ML-Sharing (Ep 1): Introduction to the Clustering Problem for Beginners & Non-Experts
29/8/2024 By Daves Tran
This post is a translation of ML-Sharing that I have originally written in Vietnamese, if you want to read this blog in Vietnamese you can find it in here
ML-Sharing (Ep 1): Vietnamese Version
Some opening before we jump in:
For anyone venturing into Machine Learning problems, you’ve likely encountered the “Unsupervised Learning (UL)” problem, and one of the issues explored in UL is data clustering. In this discussion, let's explore:
What is clustering, and why do we have clustering problems?
What are the methods to solve clustering problems?
What should be noted when solving a clustering problem?
# Note: This article is a general overview of the clustering problem and the basic ideas of the algorithms. It won’t delve into detailed coding implementations of each algorithm (I might discuss this more in the future 👋).
1. What’s Clustering & Why Does It Exist !
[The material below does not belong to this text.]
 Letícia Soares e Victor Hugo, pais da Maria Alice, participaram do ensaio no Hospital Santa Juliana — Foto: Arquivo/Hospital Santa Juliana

Before discussing clustering, let’s take a brief look at Unsupervised Learning!
Unsupervised Learning (UL) is a subset of Machine Learning (ML).
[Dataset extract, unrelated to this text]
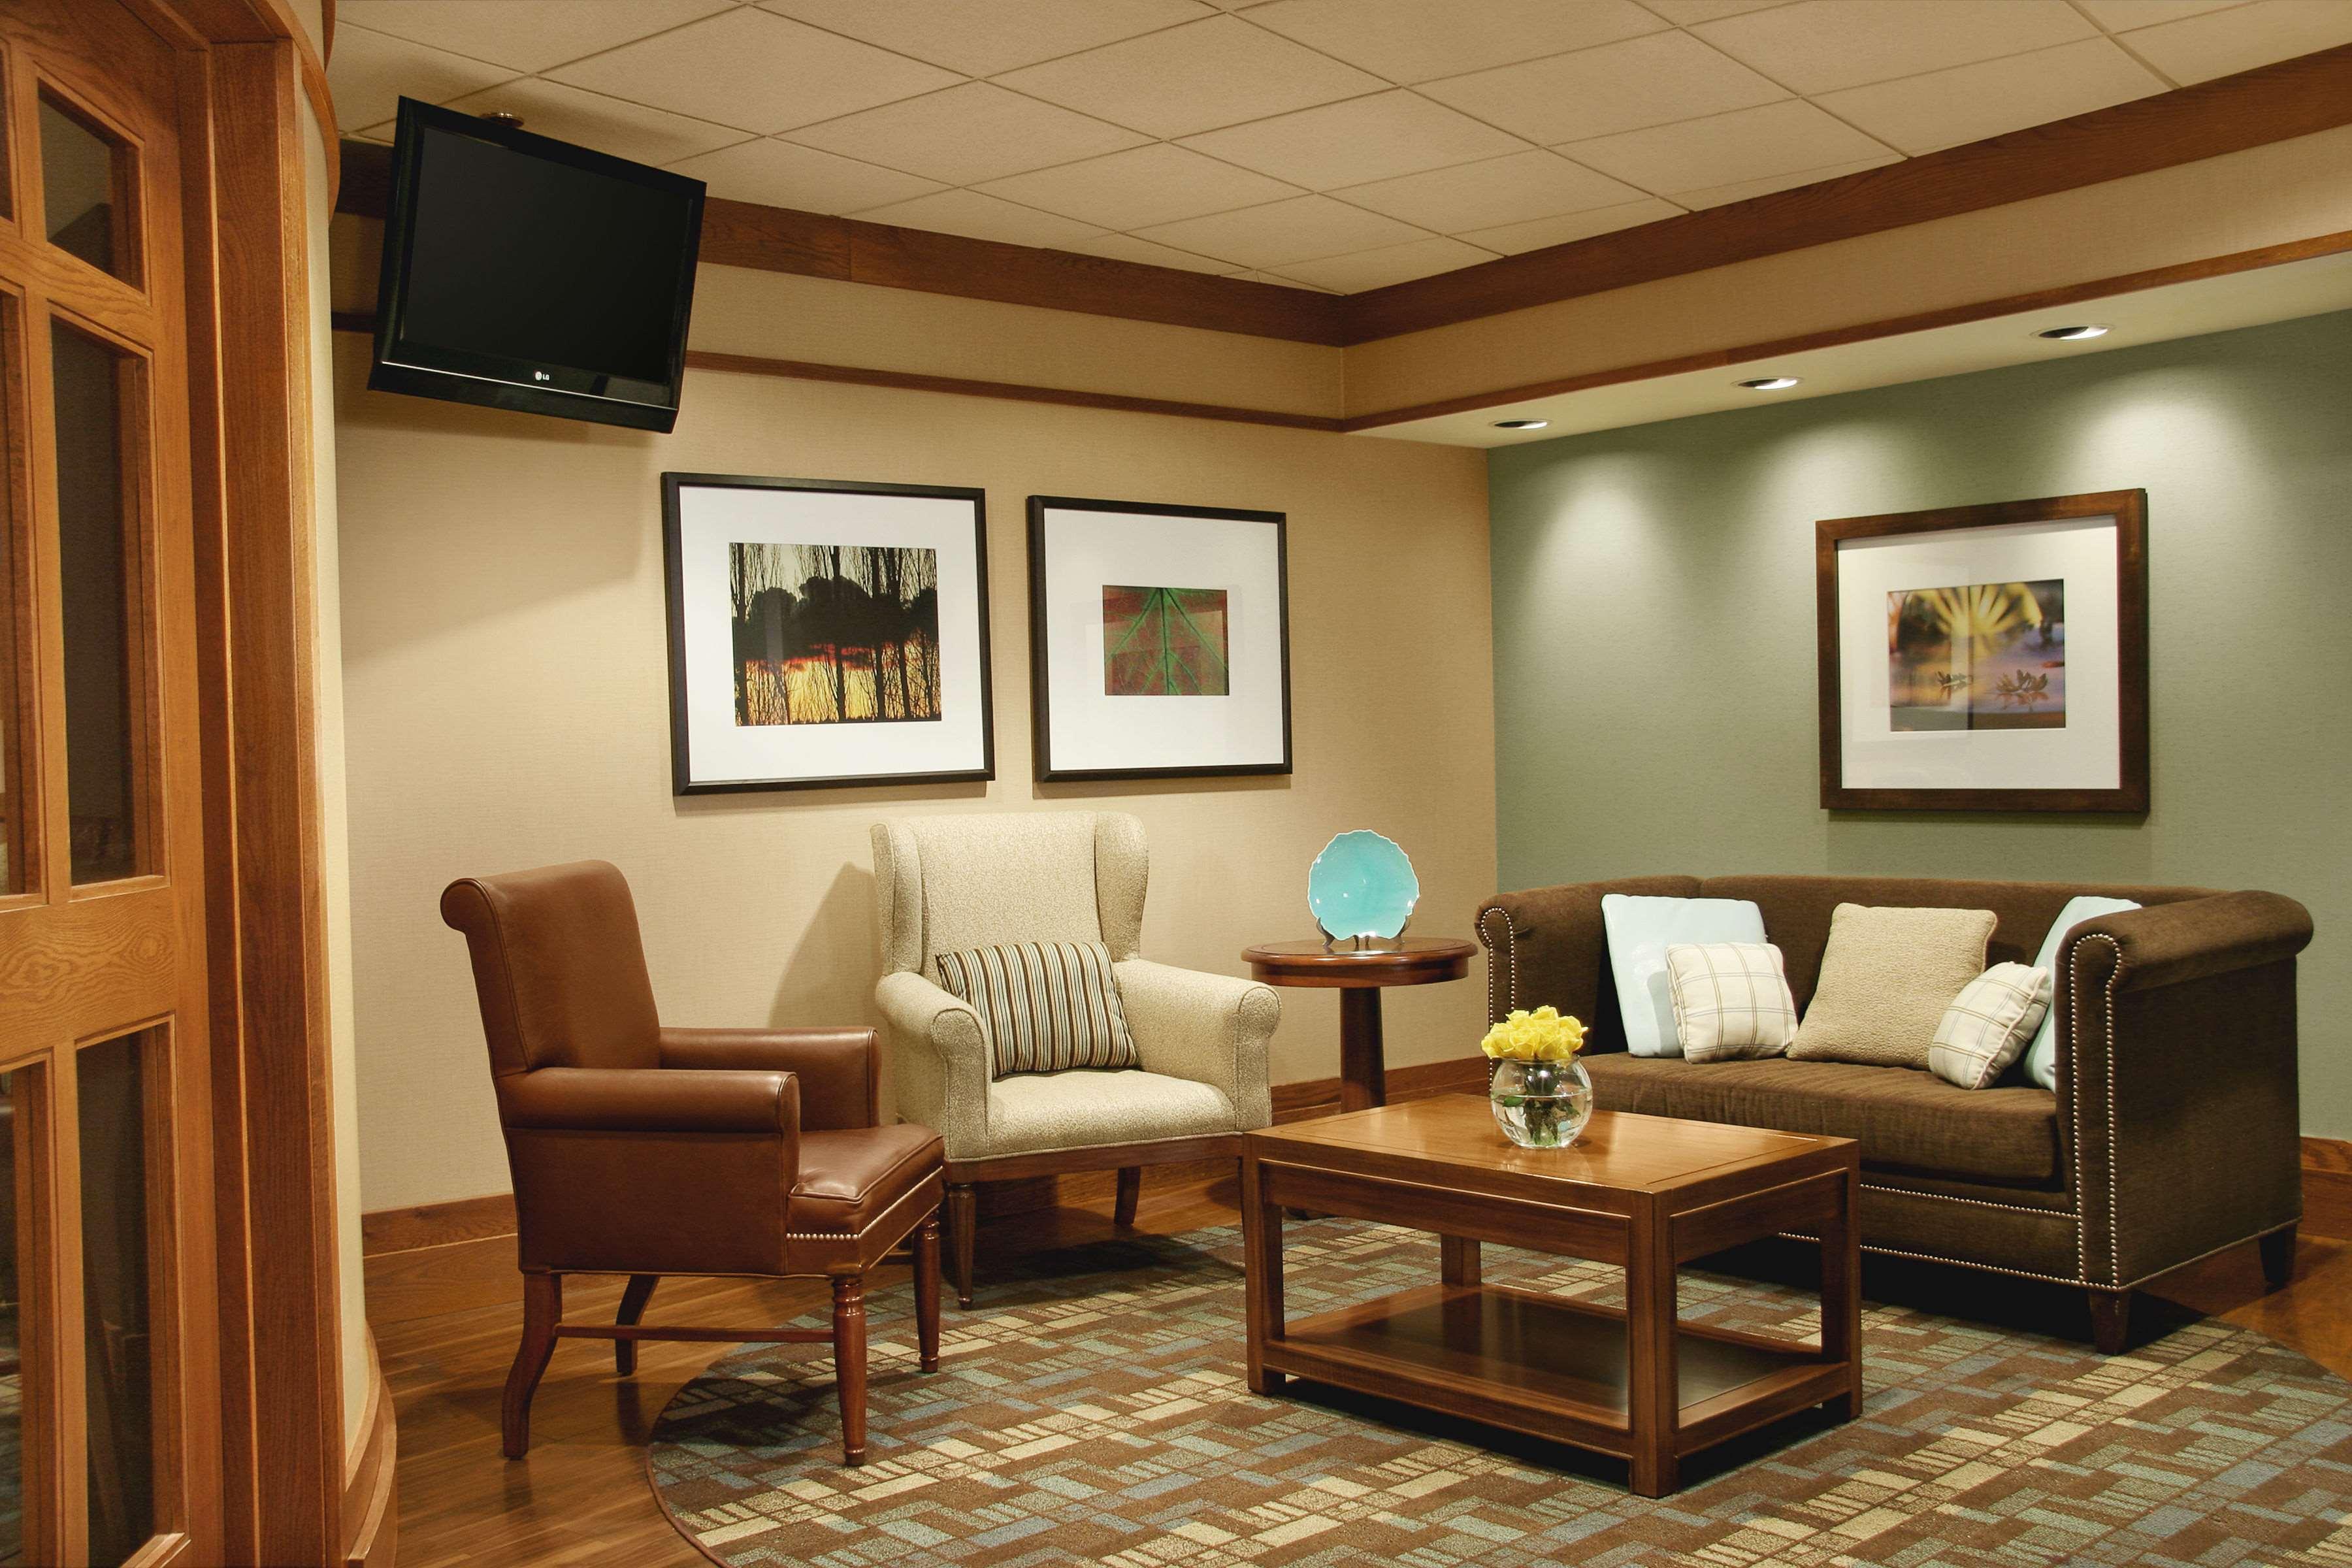 Sheraton Madison Hotel image 11

Machine Learning is a field focused on designing computer systems capable of decision-making similar to humans—through training on large datasets.
The unsupervised nature of UL is reflected in the type of data fed into the system (models). These data, in a typical context, have no inherent meaning (they don’t follow any rules or context). The computer’s task is to:
“Please make sense of this meaningless data by imposing some context or order to them.”
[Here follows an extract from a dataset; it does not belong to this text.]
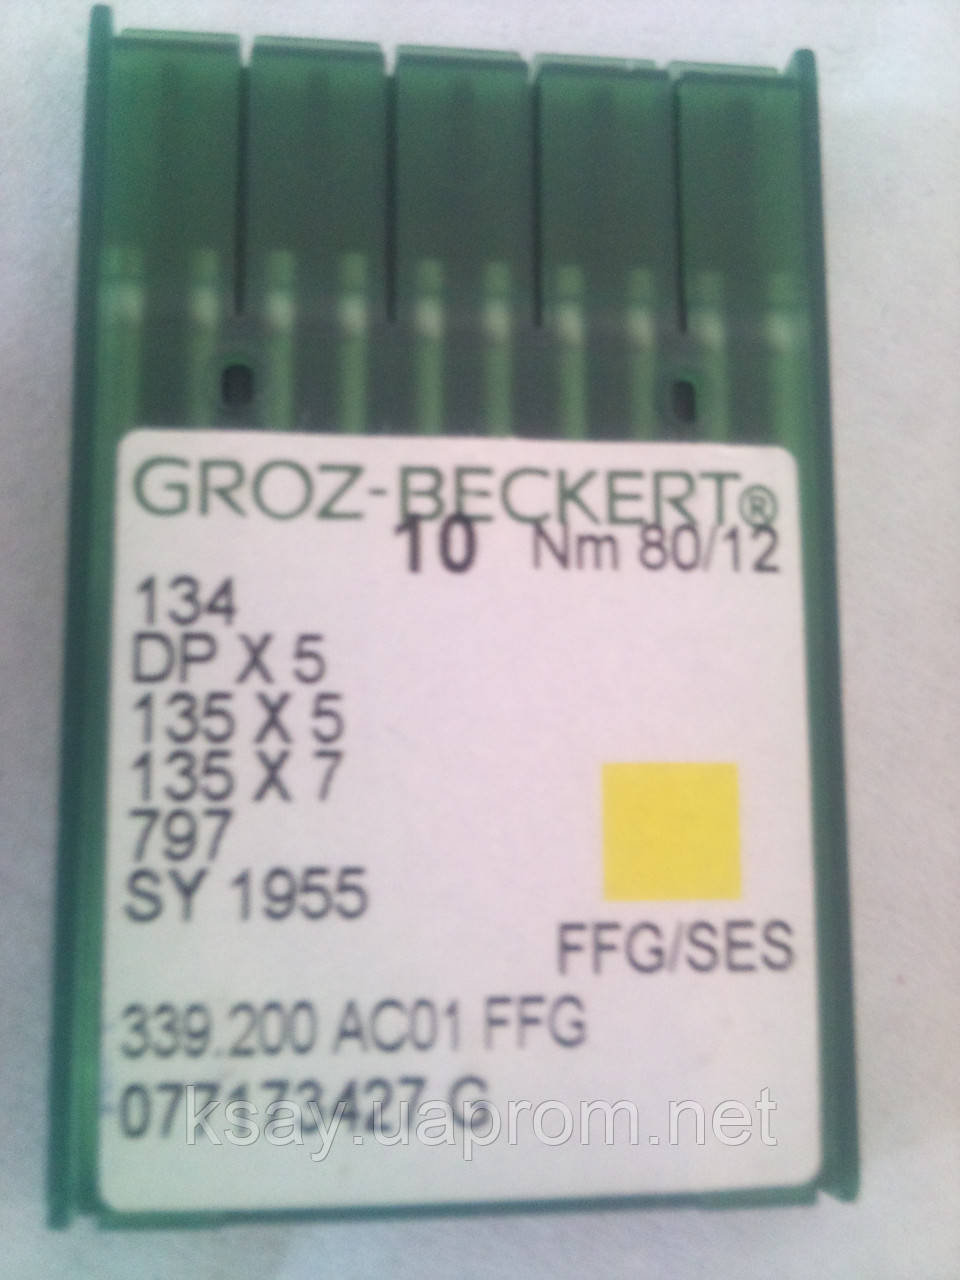 Иглы для промышленных швейных машин DPx5 № 80 FFG/SES  Groz-Beckert (Германия)

Returning to the clustering problem: in the context of clustering, your input is a set of random points (coordinates) with no particular pattern. Your model must find some relationship between these points and group them into clusters (the easiest relationship is through the distance between points).

How do you know if your clustering solution is optimal and “acceptable”? One of the simplest methods is to visually observe the clustering results.
Your solution is ideal when, in the resulting space, the system produces n clusters where most or all points in each cluster are close together (no two points are too far apart). However, the distance between any two clusters should be significant (there should be a gap, as illustrated).
So, why does the clustering problem exist?
In my view, the data we collect from the environment often exists freely and chaotically. However, the process of decision-making (the pure idea of ML) requires the information to be logical, connected, and organized.
Besides making it easier to find ideas and information if everything is organized neatly, your machine system will also perform calculations more easily and won’t need to use too many resources to process the data.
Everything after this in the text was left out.